═════ Stored data

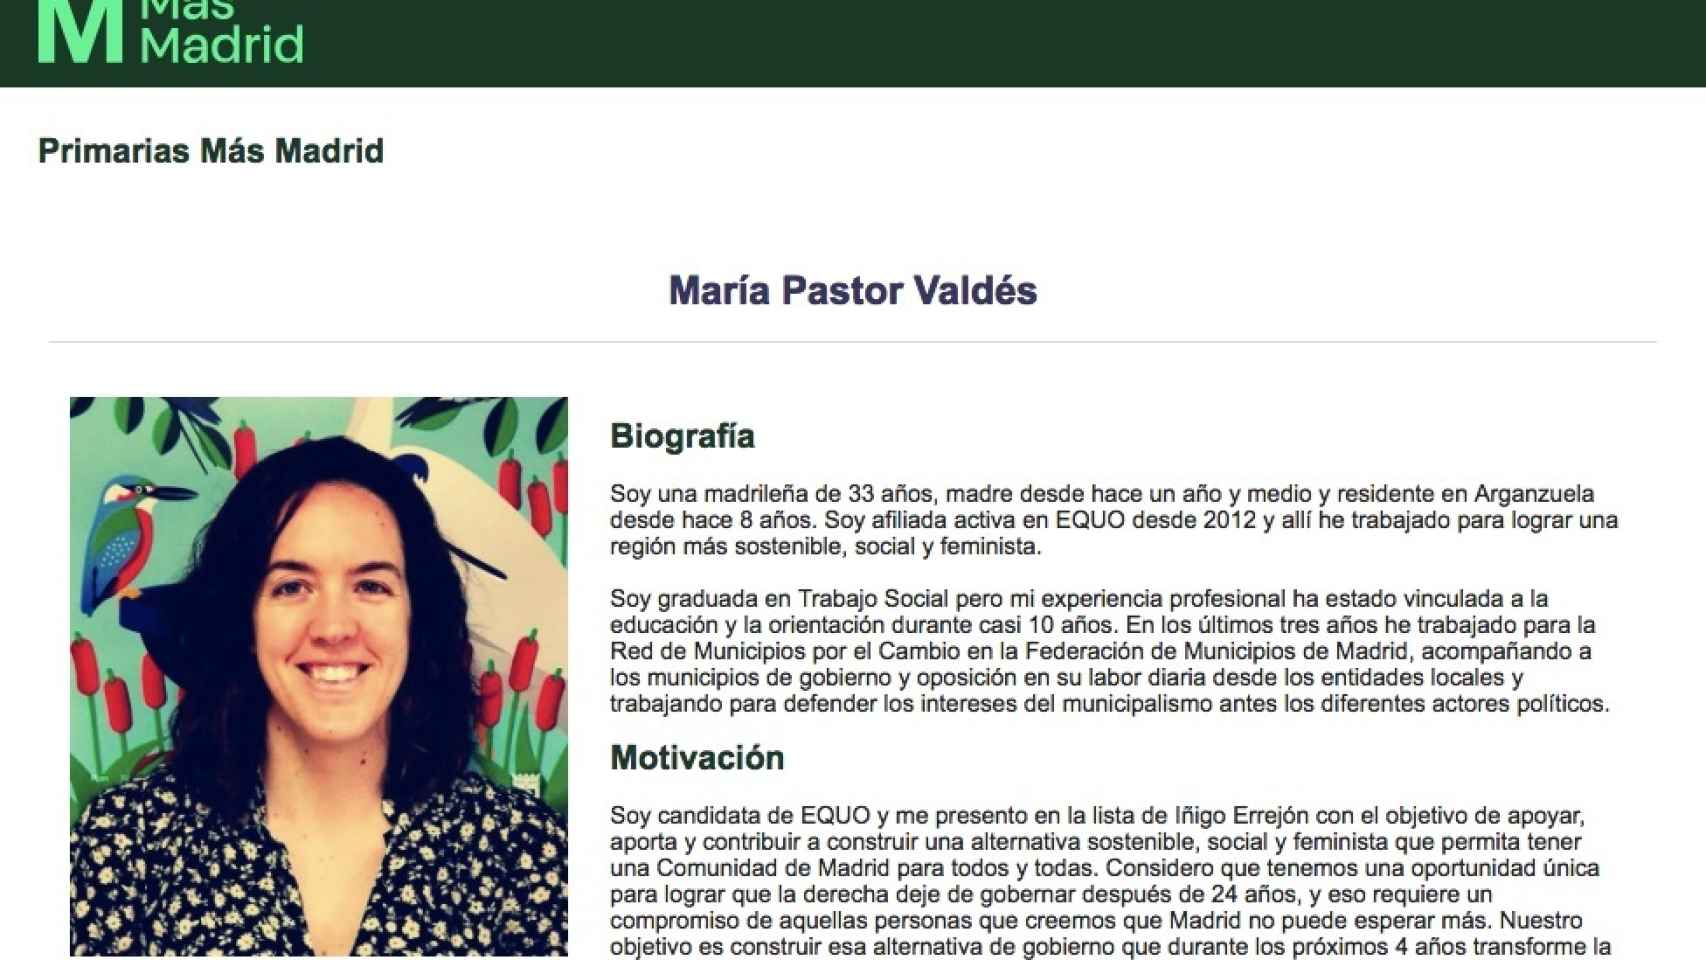 Ficha de María Pastor Valdés en la web de Más Madrid.
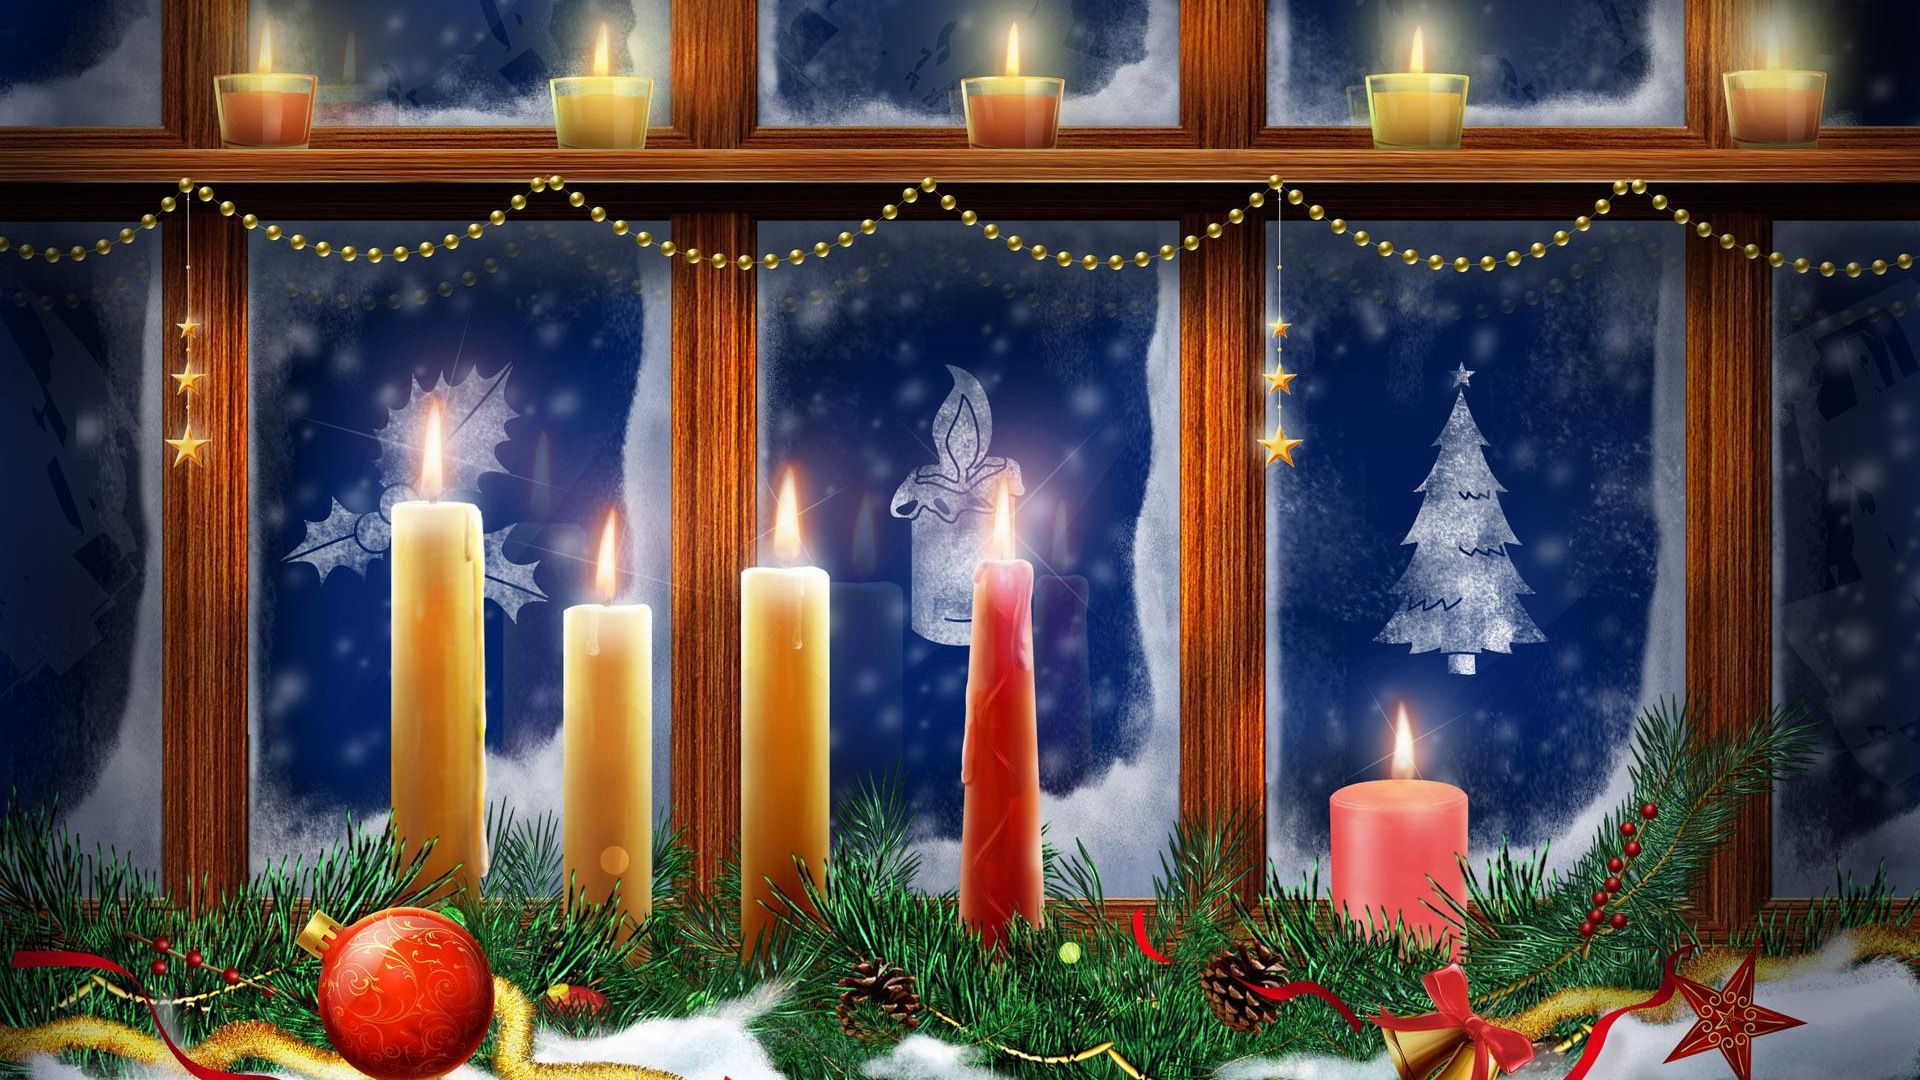 Merry Christmas HD Wallpaper destacados #14 - 1920x1080
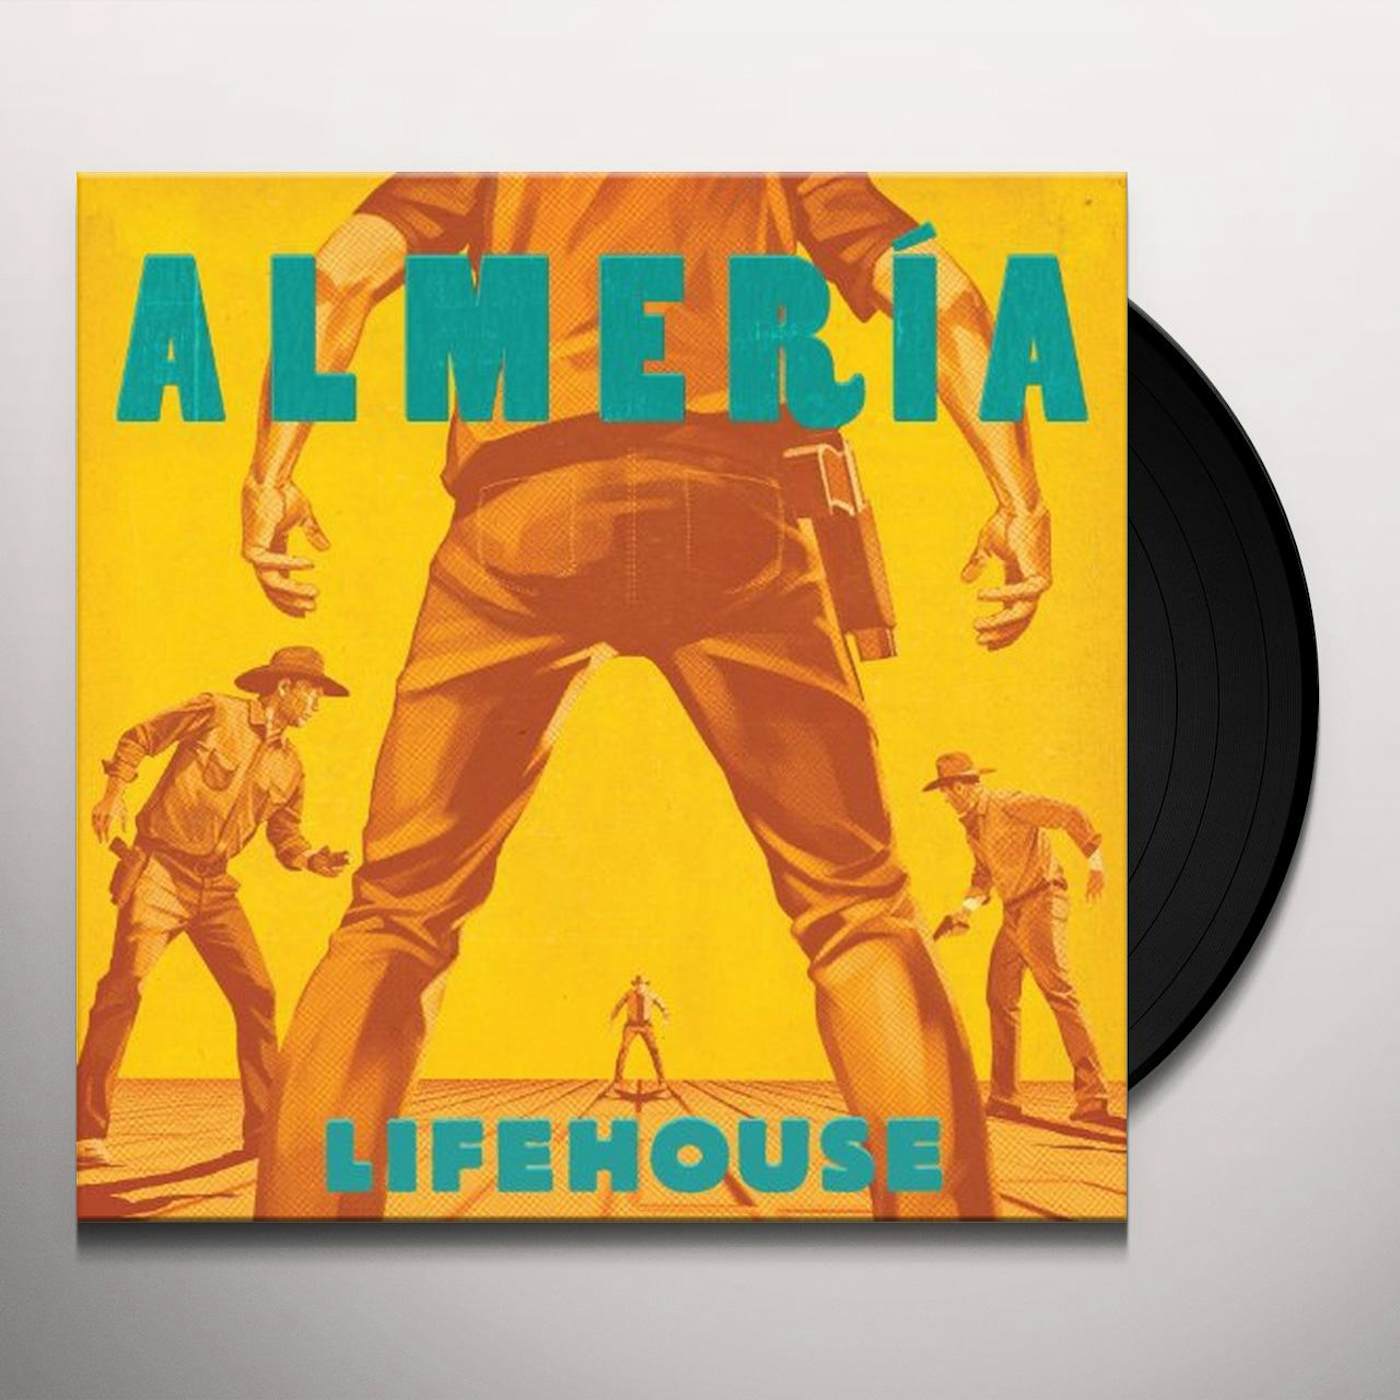 Lifehouse ALMERIA (Vinyl)

══════════

Skip all pictures. Write out only the lines from the one containing "Merry Christmas HD" to the end of the listing above, inclusive, exactly as given.

 Merry Christmas HD Wallpaper destacados #14 - 1920x1080
 Lifehouse ALMERIA (Vinyl)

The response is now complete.